*Work instruction*.
What is needed here is an exact repetition of the records below, beginning at the line that has "Spider-Man 2099 (1992) issue 46 - Page 21" and stopping after the line that has "Jack & Jones".

*Material for this exercise*.
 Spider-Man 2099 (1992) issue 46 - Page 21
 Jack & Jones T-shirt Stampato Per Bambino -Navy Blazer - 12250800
...
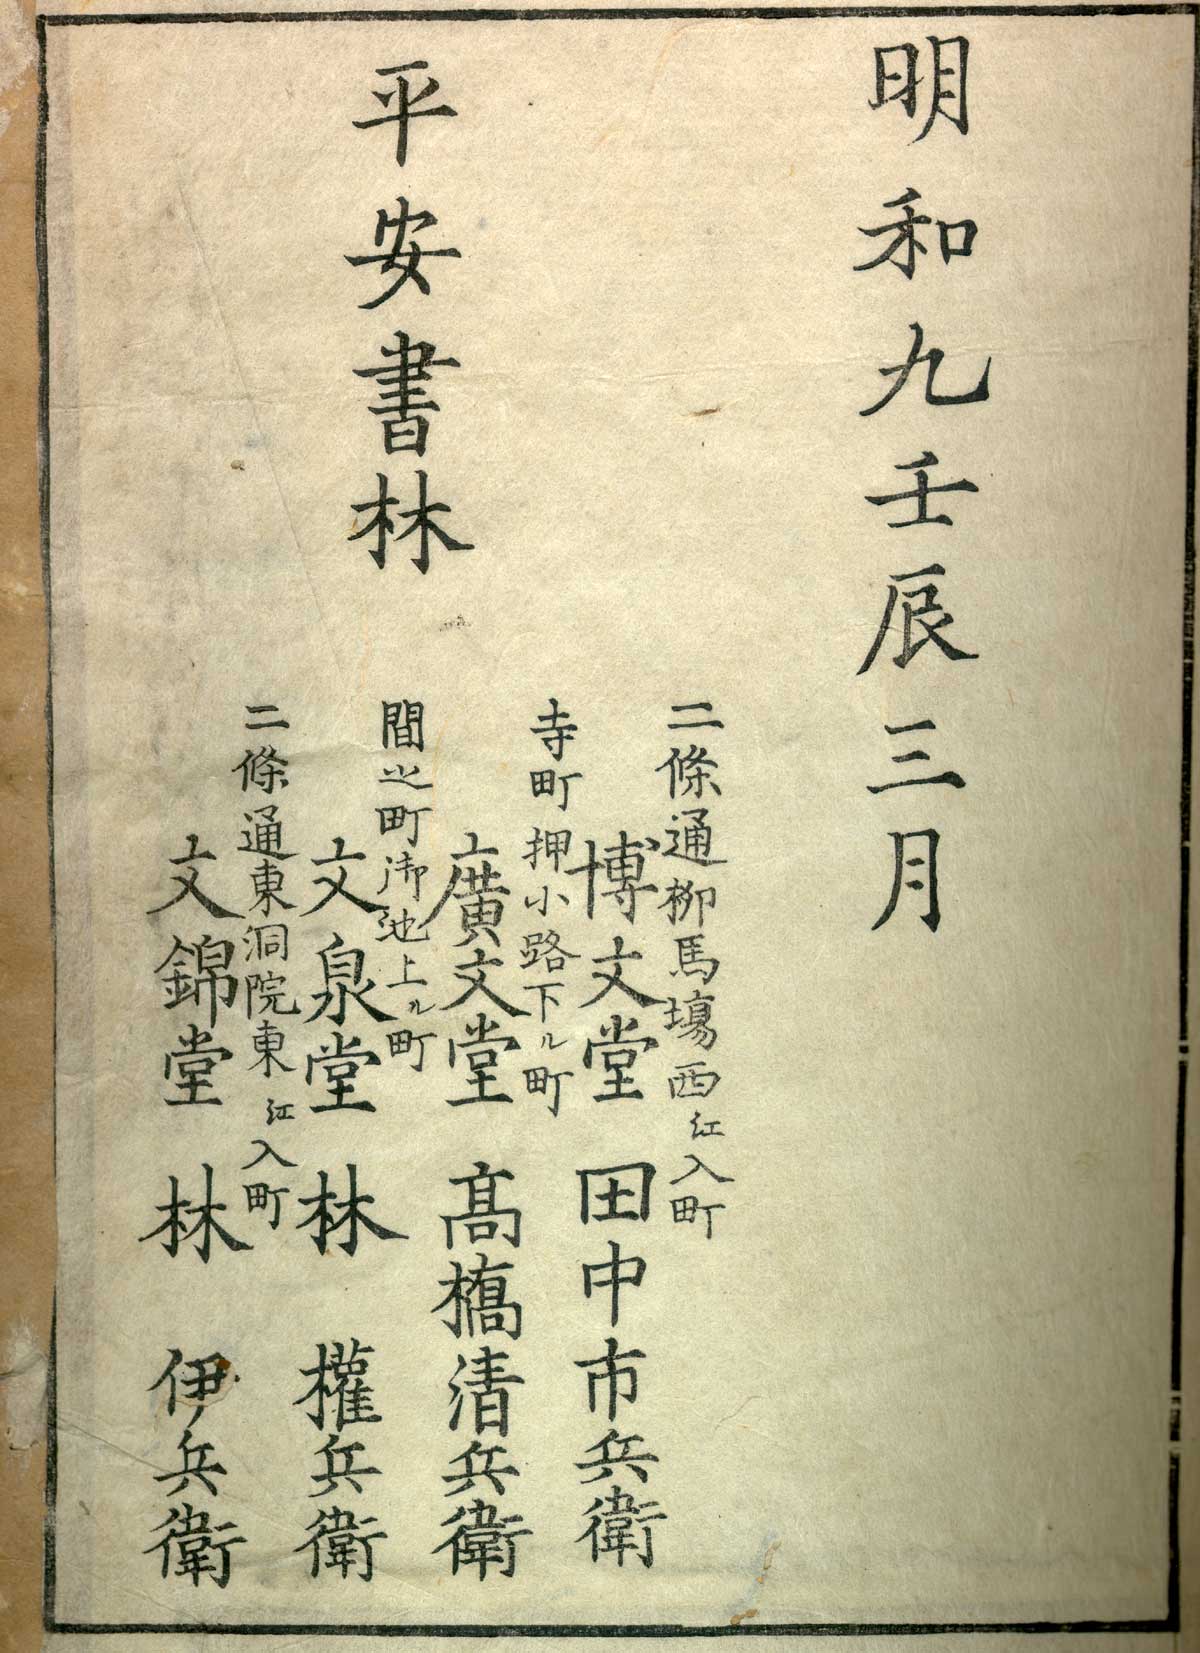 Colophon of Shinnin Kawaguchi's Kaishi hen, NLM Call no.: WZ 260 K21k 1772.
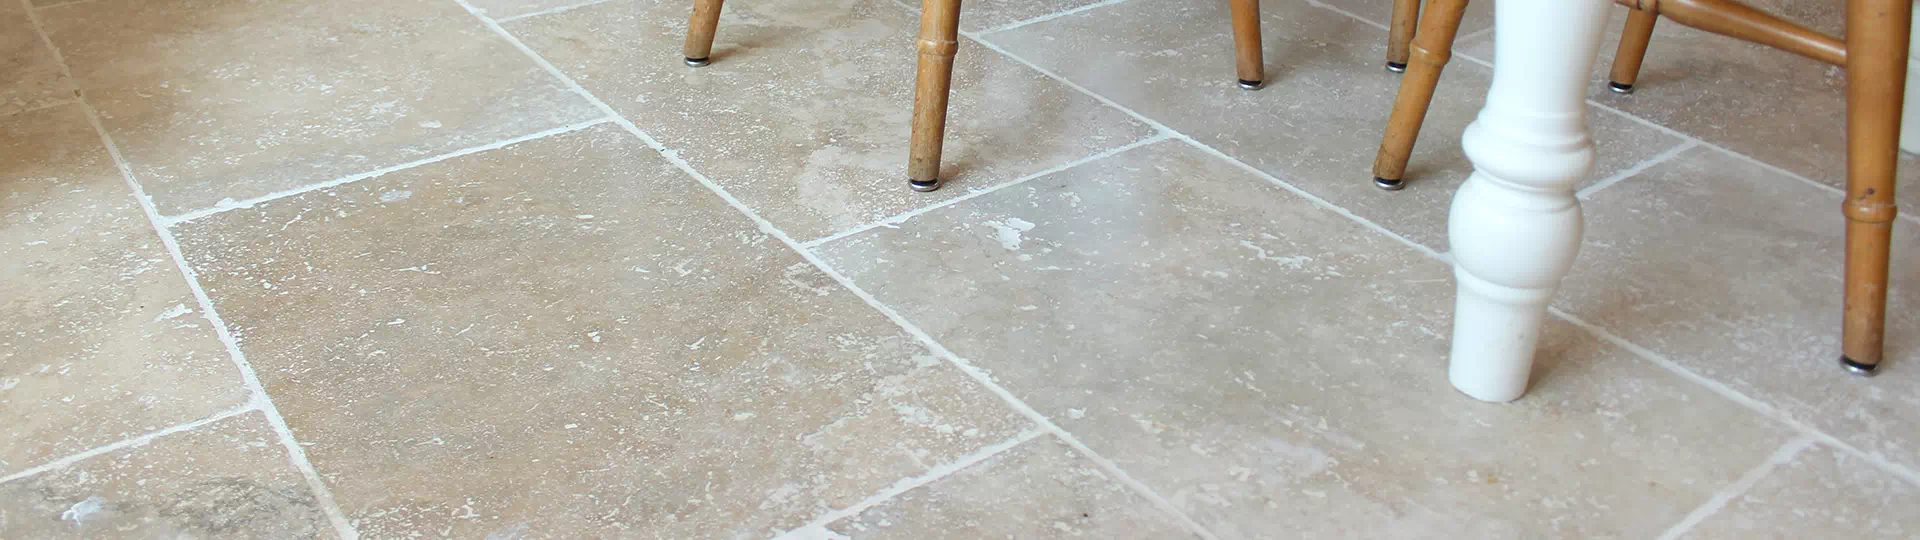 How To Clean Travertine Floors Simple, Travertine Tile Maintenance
==
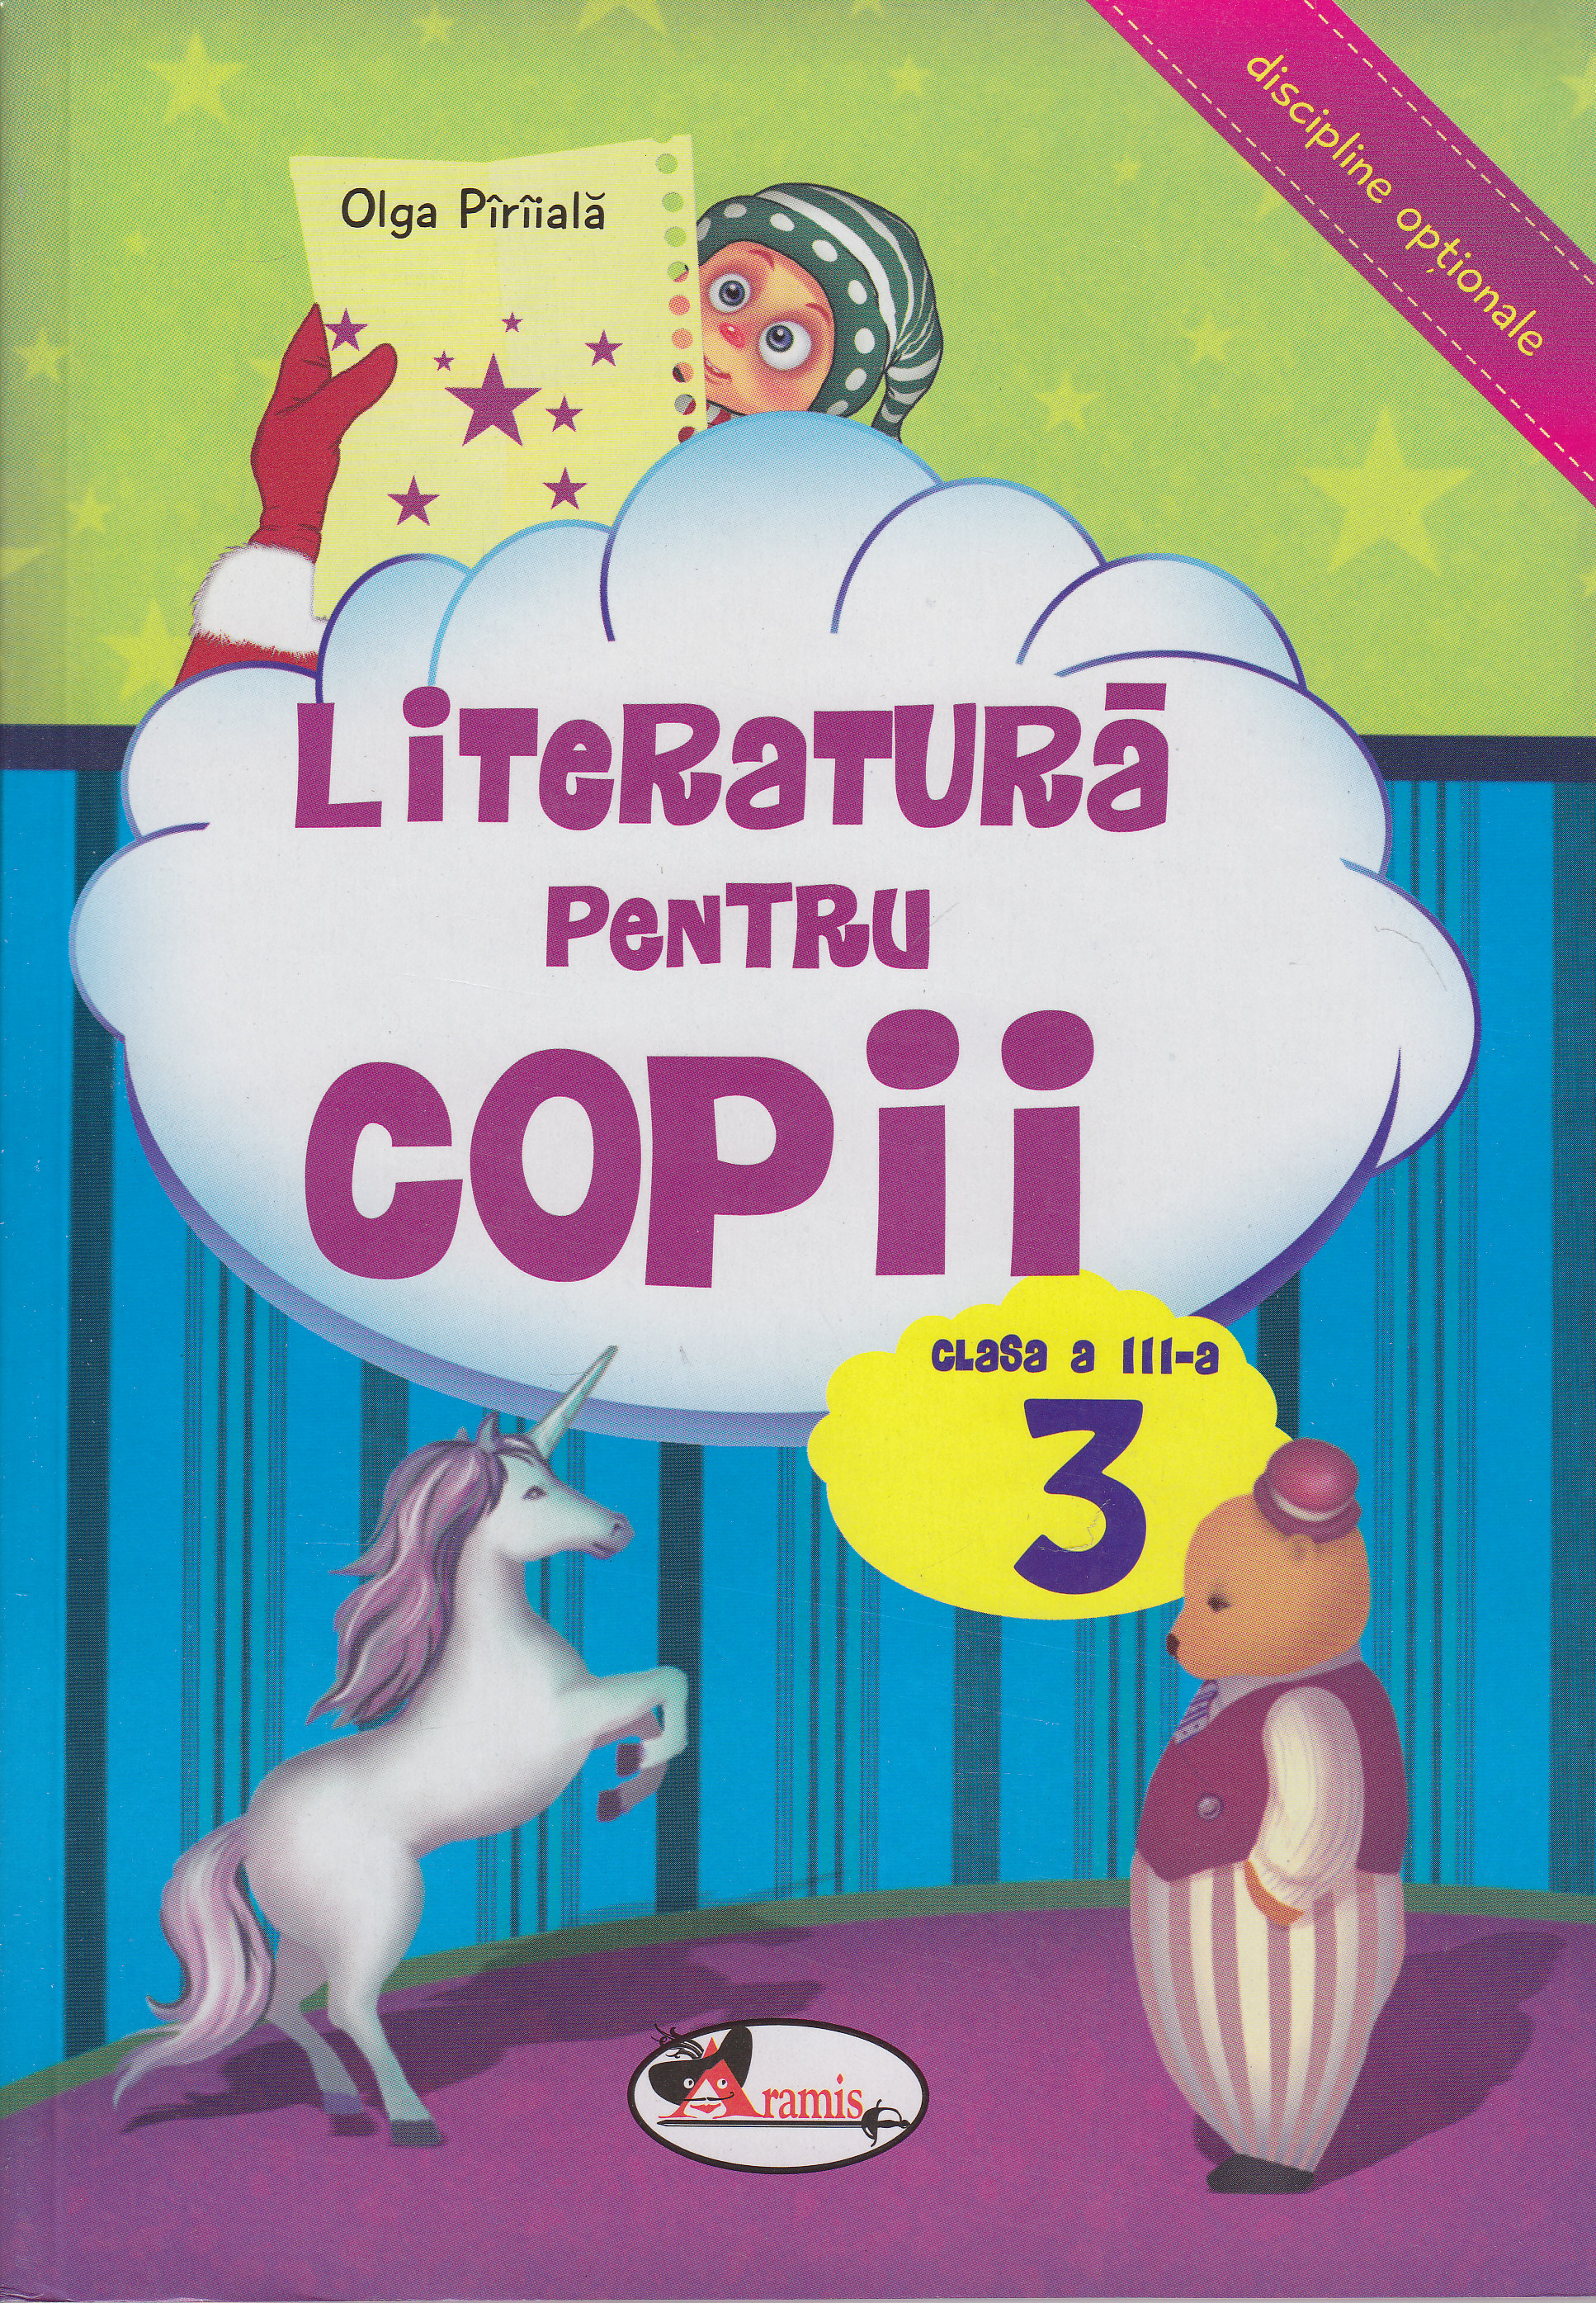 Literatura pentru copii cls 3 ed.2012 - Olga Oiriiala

*Written reply*.
 Spider-Man 2099 (1992) issue 46 - Page 21
 Jack & Jones T-shirt Stampato Per Bambino -Navy Blazer - 12250800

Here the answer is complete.